In Data-Transformation-Code folder (the folder where the dataset is located)

  1. Unzip the zip files
  2. Run gen_socialadj_listsv2.py
  3. Run format_tweetersv3_compressed.py

Choose to either:

A) Put all training data into history lists: (This gives all interations as history to the model)

3)Run format_retweetersv3.py

4)Run format_negsamplesv3.py (Create negative retweeter examples and format appropriately)

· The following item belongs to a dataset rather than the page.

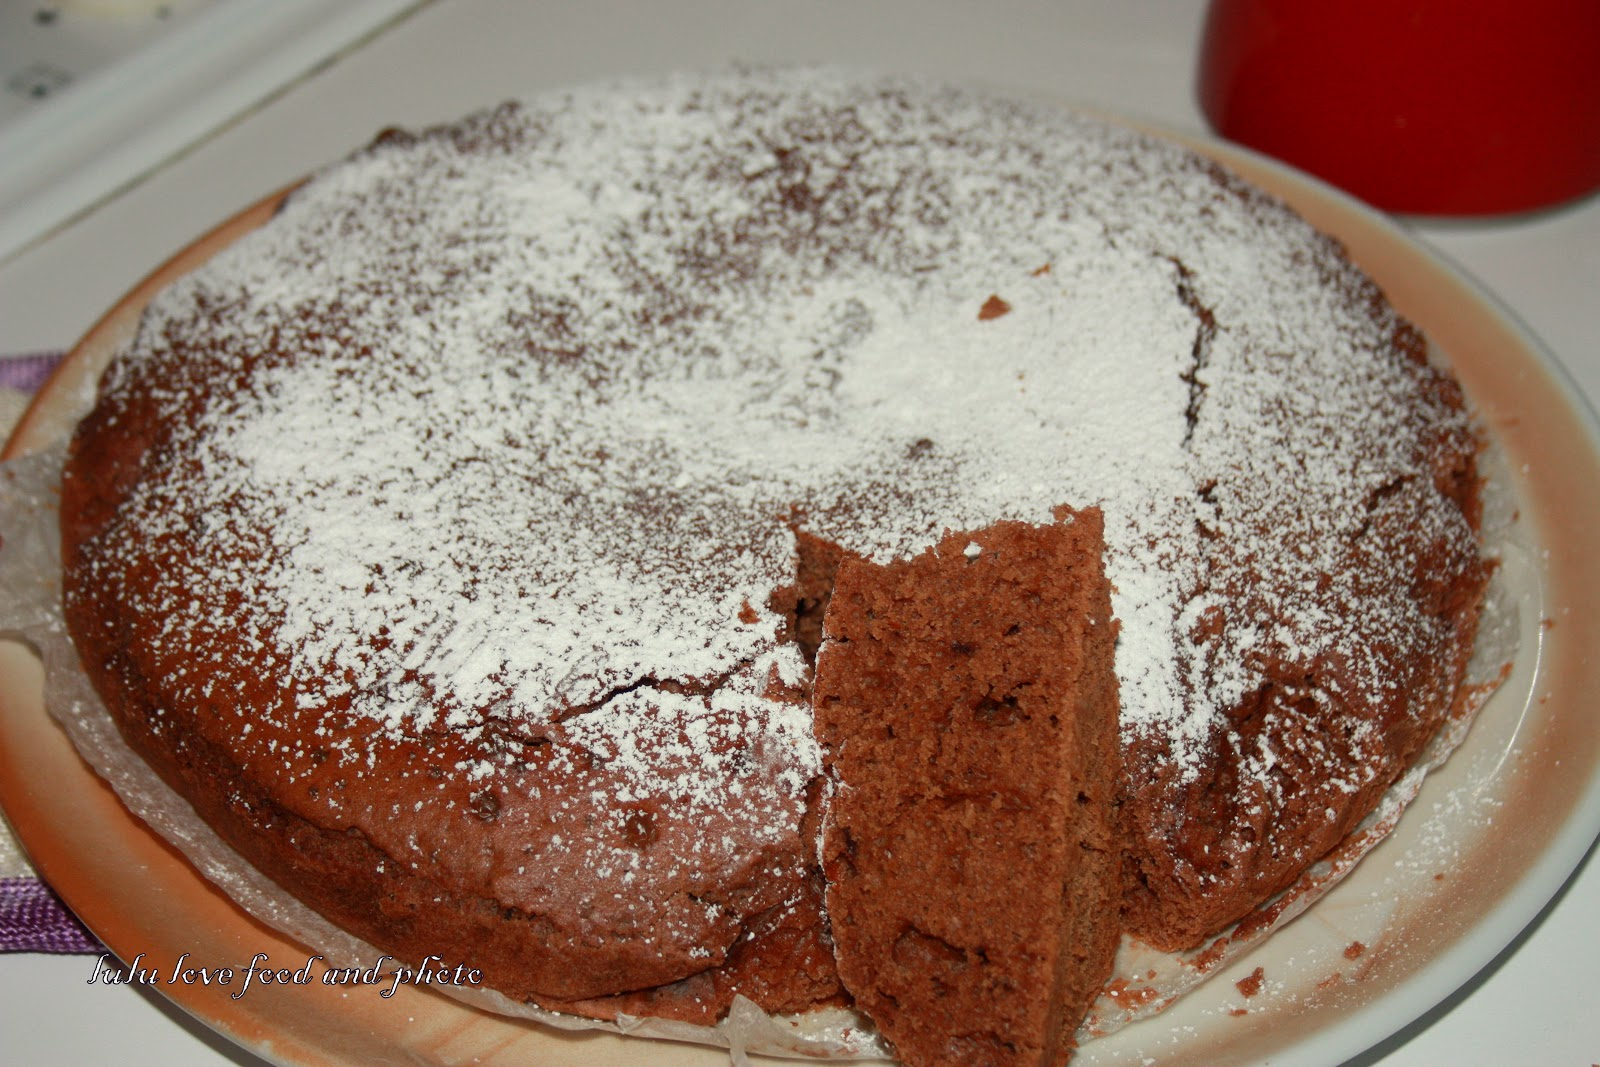 Per te realizuar kete torte tipike mengjesore, u mundova ti reduktoja ...

B) Split training data 1/4 goint into history lists, 3/4 held out: (This splits some interations for history other for future interactions) Temporal makes sure that history is consistent with time stamps

3)Run hist_format_retweetersv3.py or format_retweeters_temporal.py(latest)

4)Run hist_format_negsamplesv3.py or format_negsamplesv3_temporal.py(latest) (Create negative retweeter examples and format appropriately)


  1. Run gen_temporal_history_timeupdate.py (This orders interactions by time, making sure the interaction events are in temporal order)

6)Run format_noninteractersv2.py (Just need to do this so index errors aren't thrown)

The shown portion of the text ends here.